Эту газету вместе с другими Ровио принес с вокзала, видимо, вечером 17-го. Статья «Слухи о заговоре» сразу привлекла внимание Ленина. Конечно, для серьезного политического деятеля пользоваться слухами – дело совсем никудышное. Но если нет иной информации, то можно попытаться выудить что-то хотя бы из них. И Владимир Ильич проигрывает возможные сценарии событий…
Выступление генералов напрямую против Керенского маловероятно. В июльские дни они были вместе, а соглашатели поддержали их. Теперь они хотят изобразить из себя «защитников революции». Входить с ними в блок – невозможно. Это записано в решениях VI съезда.
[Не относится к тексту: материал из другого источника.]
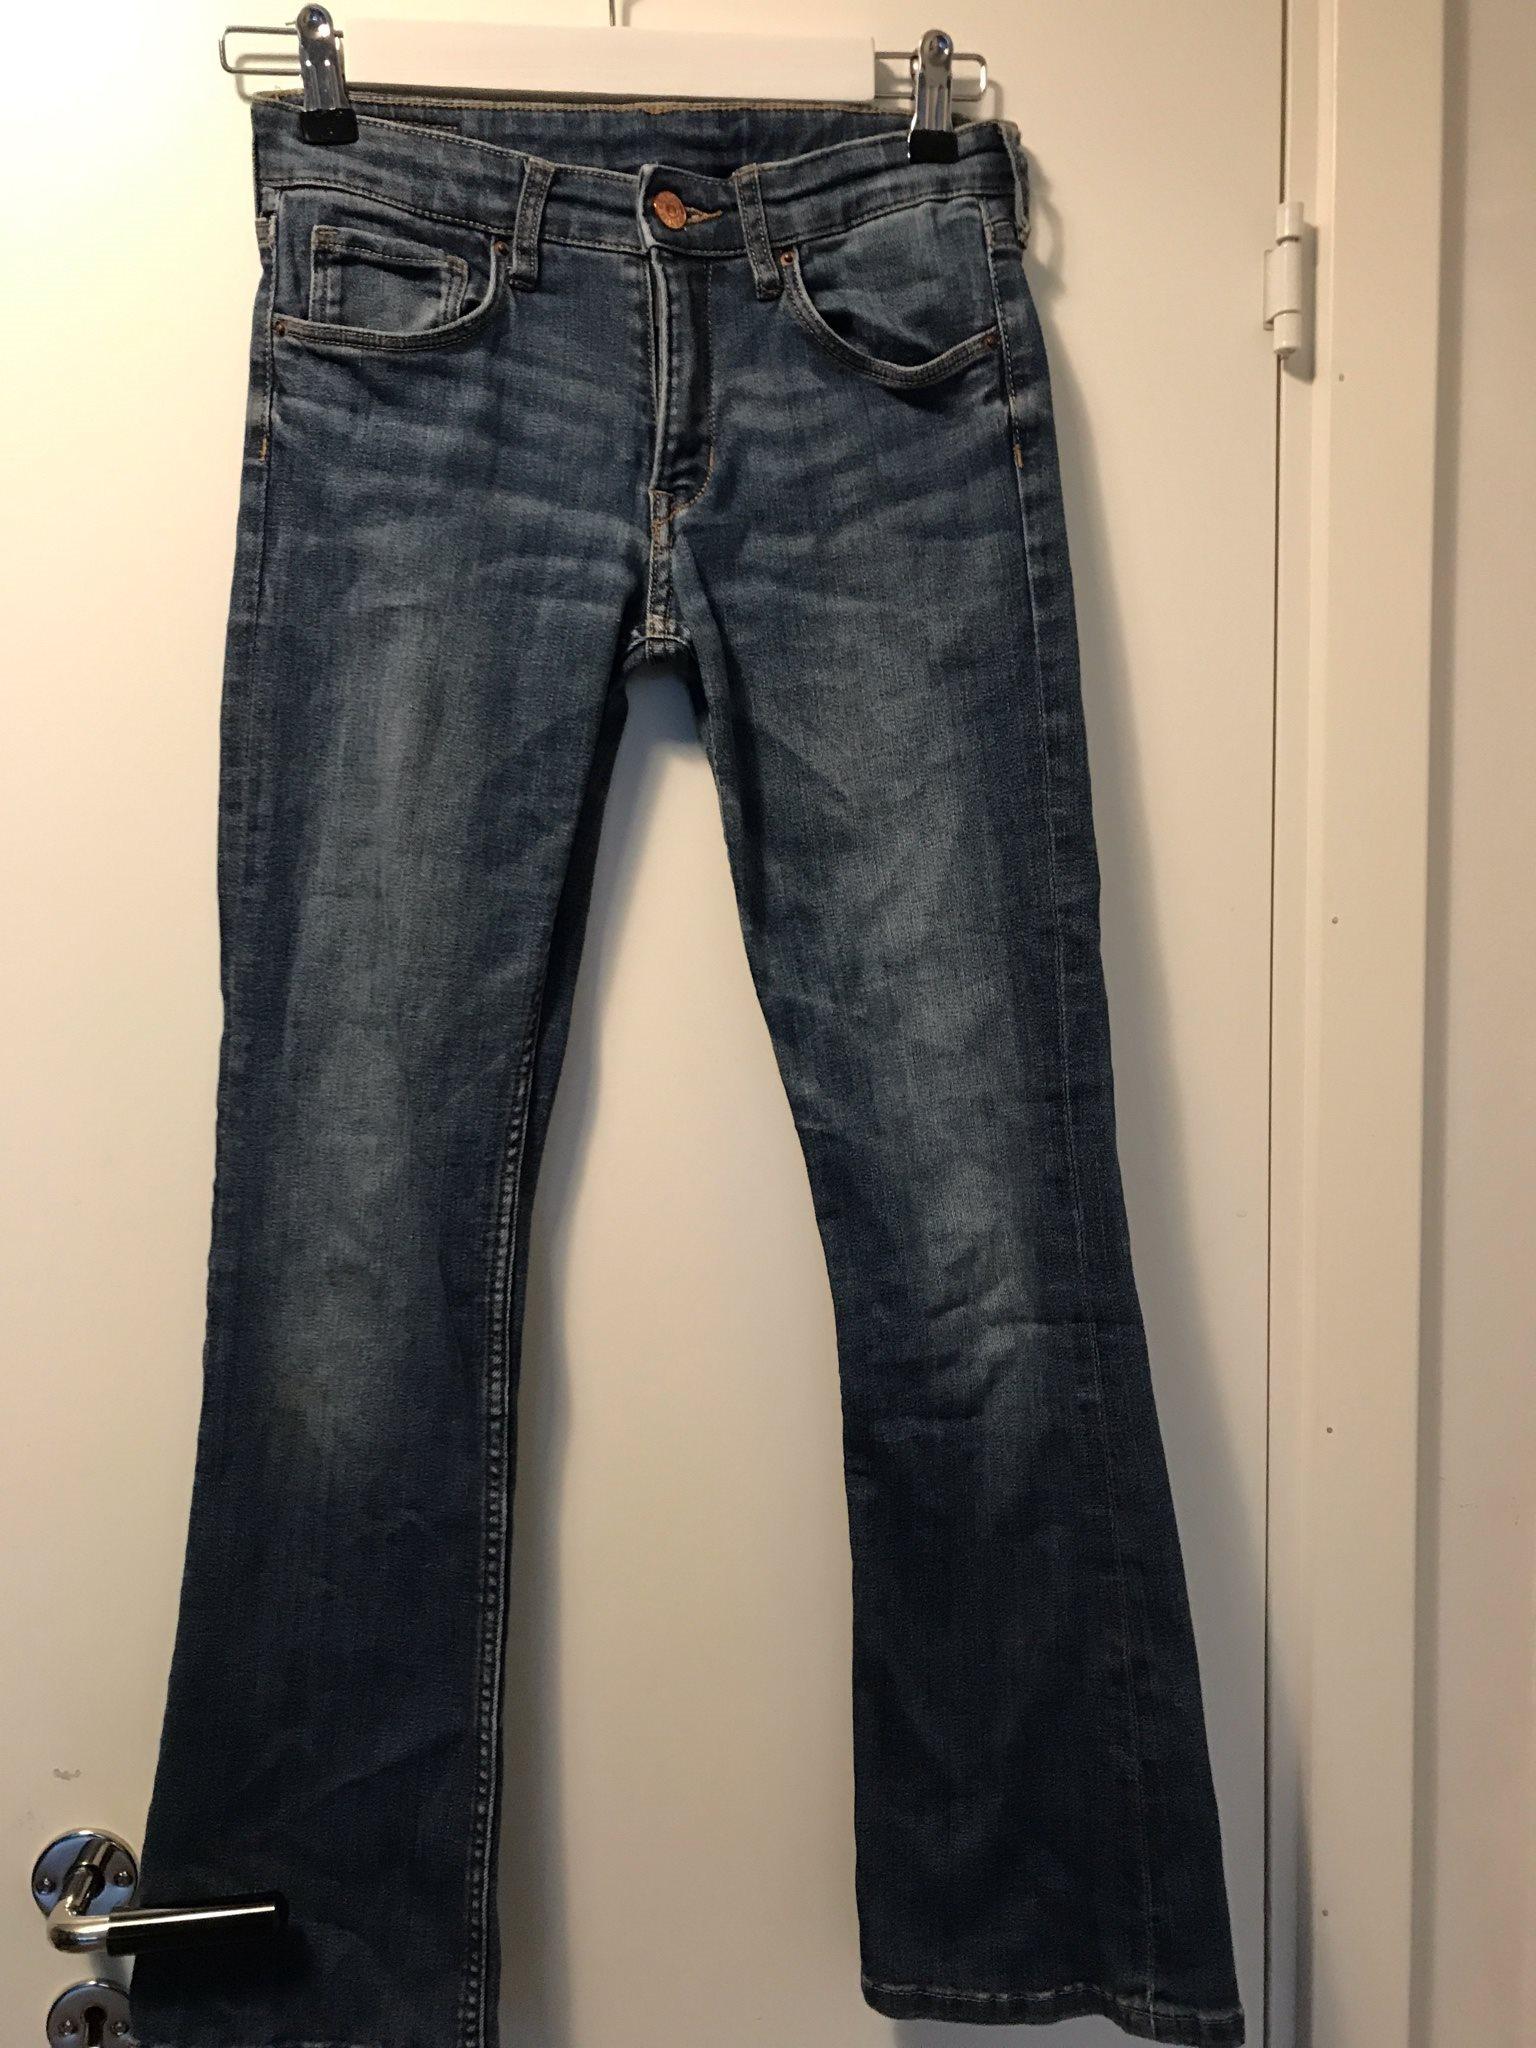 Jeans från H M acdc2ba525f3c

И если нашлись такие наивные «дурачки и негодяи из большевиков», они «были бы немедленно – и по заслугам – исключены из партии»1142.
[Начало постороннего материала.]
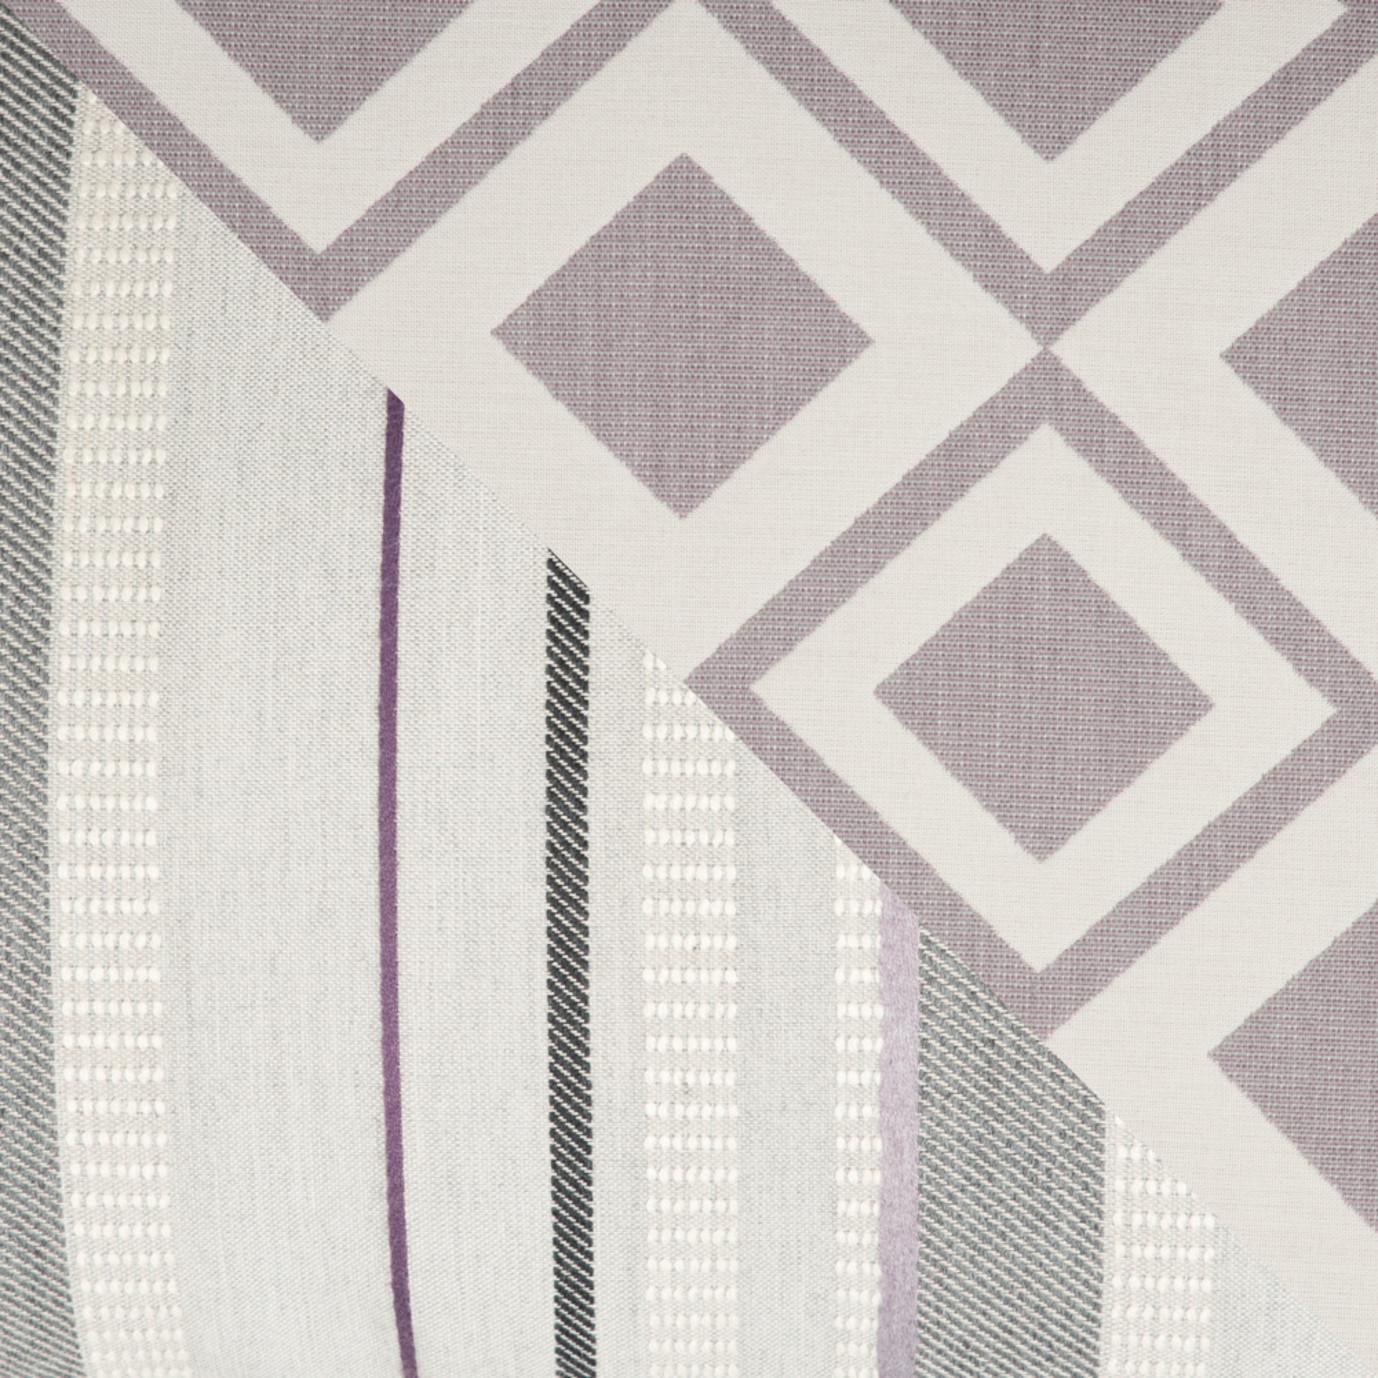 Deco™ Motion Club Chairs - Wisteria Lavender

Так уж совпало, что именно в этот день, 17 августа, Керенский вызвал Бориса Савинкова. О переброске корниловских войск с Юго-Западного фронта к Питеру Александр Федорович знал от начальника штаба Ставки генерала Лукомского. И он сказал Савинкову, что согласен с предложениями, содержавшимися в «записке» Корнилова, и отдает распоряжение подготовить соответствующий законопроект1143. Так что альянс Керенского и Корнилова, предполагавшийся Лениным, действительно получал новый импульс.
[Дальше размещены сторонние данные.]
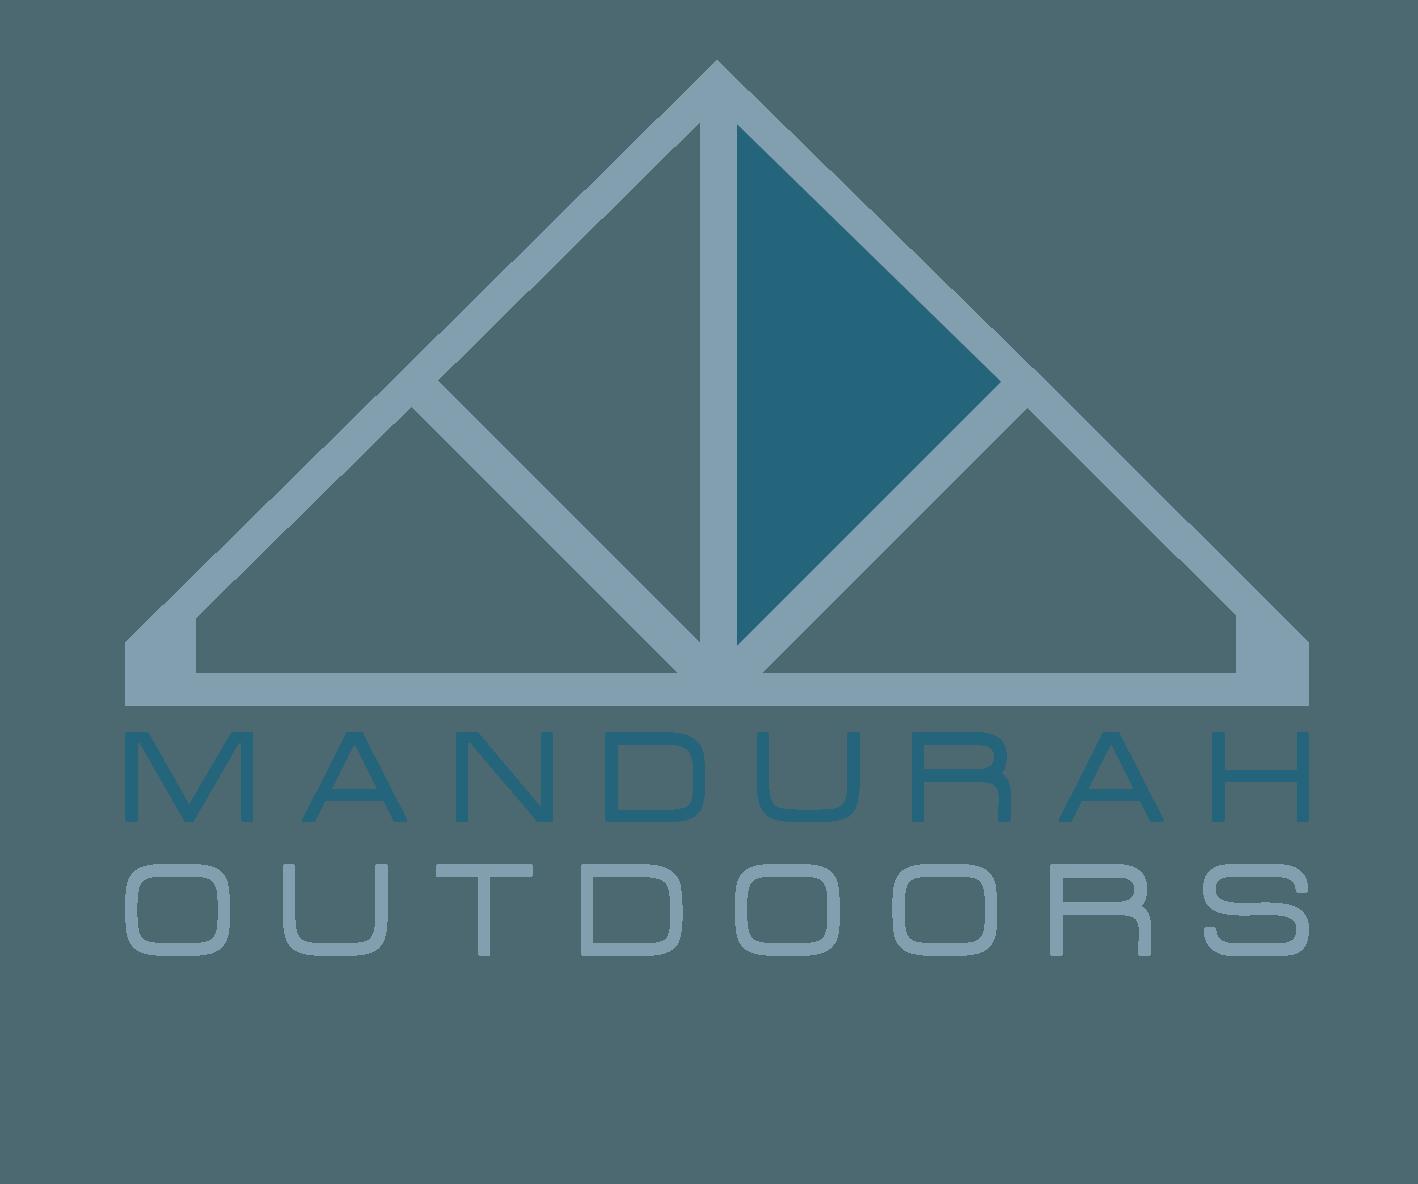 Mandurah Outdoors

И все-таки Владимир Ильич продумывает и другой сценарий: а если генералы – несмотря ни на что – пойдут на мятеж против Керенского. «…В том исключительно редком случае, который мы предположили, – пишет Ленин, – большевик сказал бы: наши рабочие, наши солдаты будут сражаться с контрреволюционными войсками, если те начнут наступление сейчас против Временного правительства, защищая не это правительство… а самостоятельно защищая революцию, преследуя цели свои, цели победы рабочих, победы бедных, победы дела мира…»1144
Прописывая эти сценарии, Ленин все время оговаривает, что никакой иной информацией, кроме этих, возможно, сфабрикованных и вздорных слухов, он не располагает. Но самое мучительное для него – нет никакой связи с ЦК, и он «ни спросить ЦК, ни даже снестись с ним» до сих пор не имеет возможности1145. Эти уже приводившиеся строки, в которых сквозит не отчаяние, а плохо прикрытое нервное напряжение, Владимир Ильич написал 17-го. А 18 августа в Гельсингфорс приезжает Крупская…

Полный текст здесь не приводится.